1977 yılından sonra sadece Cumhuriyet gazetesi için yazmaya başladı. “Gözlem” başlıklı köşesinde 1991 yılının Kasım’ına kadar aralıksız olarak yazdı. 1977’de Sakıncalı Piyade ve Bir Pulsuz Dilekçe kitapları basıldı. Ertesi yıl, Sakıncalı Piyade adlı yapıtını Rutkay Aziz ile birlikte tiyatroya uyarladı. Oyunu, Ankara Sanat Tiyatrosu’nda tam 700 kere sahneledi. 1978’de, ünlünün yaşam öykülerini, siyasi hayatlarını, bir güldürü zenginliğiyle anlattığı kitabı “Büyüklerimiz” basıldı.
1981’de terörün silah kaçaklığıyla ilişkisini ortaya koymak ve kamuoyunu bu konuda aydınlatmak için yazdığı kitabı “Silah Kaçakçılığı ve Terör” yayımlandı. Aynı yıl, Mehmet Ali Ağca‘nın Papa‘ya suikast girişiminden sonra Ali Ağca üzerine inceleme ve araştırmalarını yoğunlaştırdı.
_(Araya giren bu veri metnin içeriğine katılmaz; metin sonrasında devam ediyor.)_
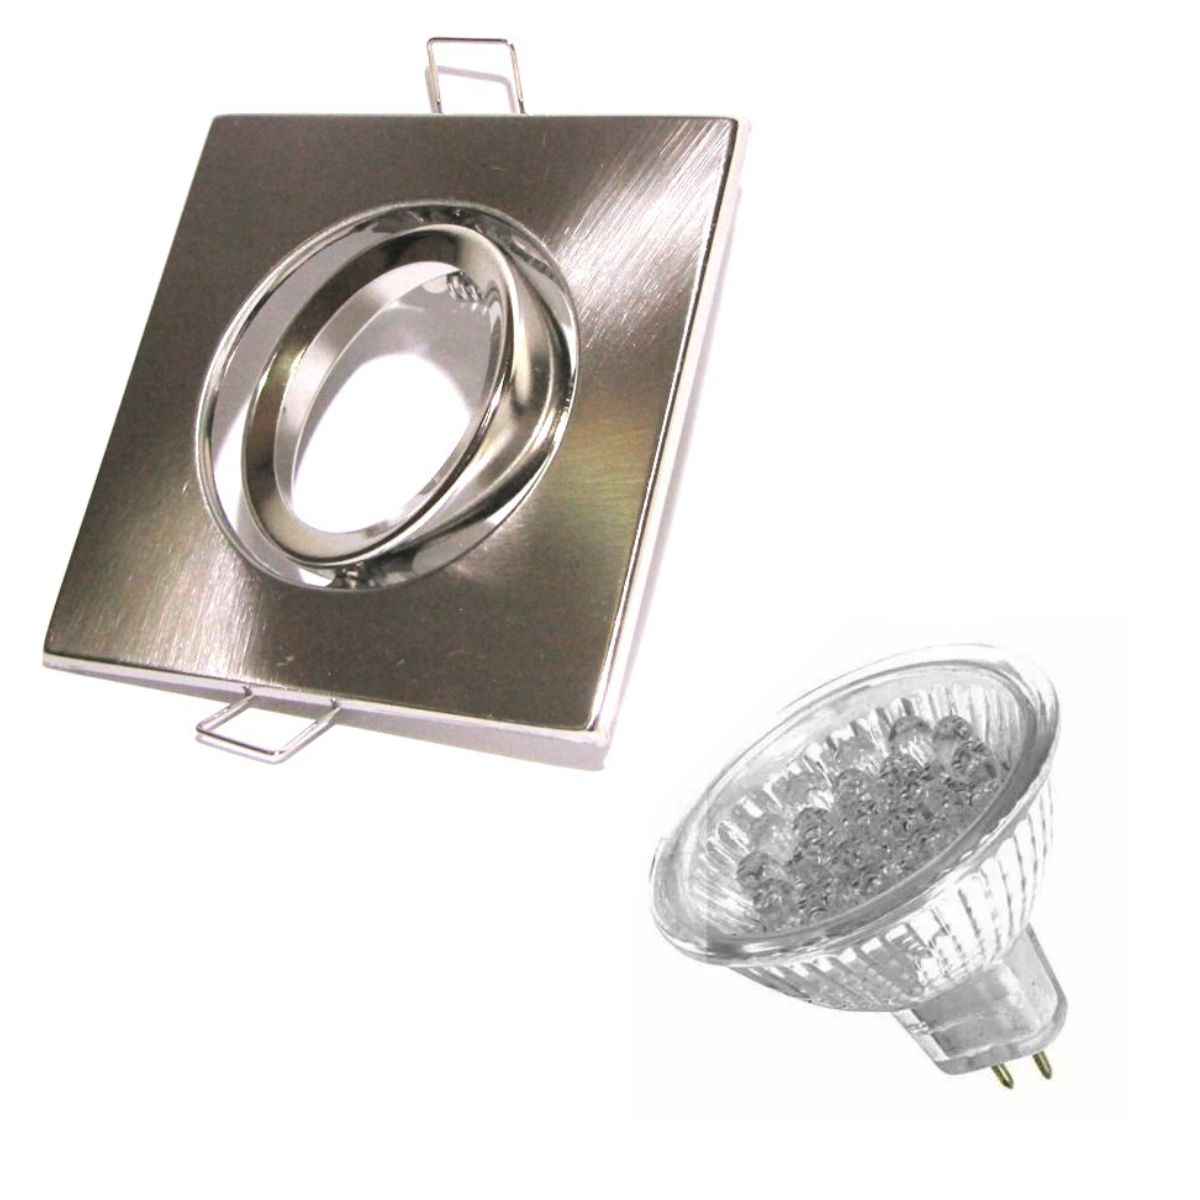 Kit Spot Quadrado Prata + Lâmpada 12 LED Branco Puro 110v MR16
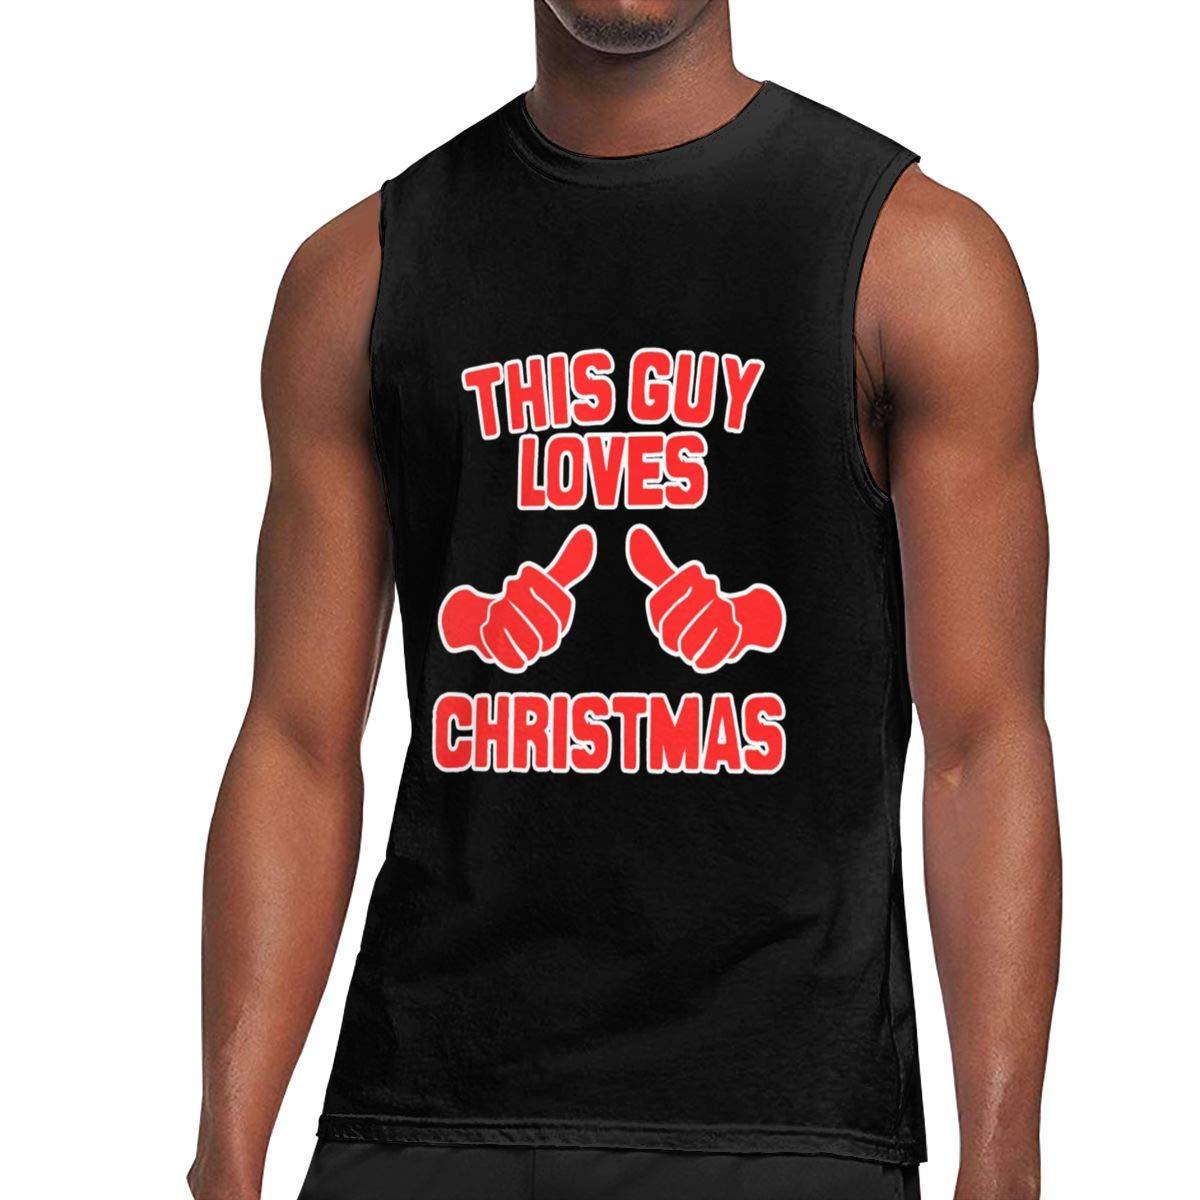 This Guy Loves Christmas Sleeveless Tanks Top Shirt Fit Men

Türkiye’de terör olaylarının artması sebebiyle 1979 yılında 12 Mart dönemi öncesi ve sonrası gençlik liderlerinin yaşadıklarını kendi ağızlarından yansıttığı ve silahlı eylemlerle bir yere varılamayacağına parmak bastığı kitabı Çıkmaz Sokak’ı yayımladı. 1982’de Ali Ağca Dosyası, ardından Terörsüz Özgürlük adlı makale derlemesi yayımlandı. 1983 yılında Ağca ile cezaevinde röportaj yaptı. 1984 yılında Aziz Nesin öncülüğünde bir grup tarafından Cumhurbaşkanlığı ve TBMM Başkanlığı’na sunulan, ancak Kenan Evren‘in imzalayanları “vatan hainliği” ile hitam ederek dava açtığı Aydınlar Dilekçesi’nin hazırlanmasına katıldı; 12 Eylül döneminde aydınlara yapılan zulümleri anlatan “Sakıncasız” adlı oyunu yazdı; Papa-Mafya-Ağca adlı kitabını yayımladı.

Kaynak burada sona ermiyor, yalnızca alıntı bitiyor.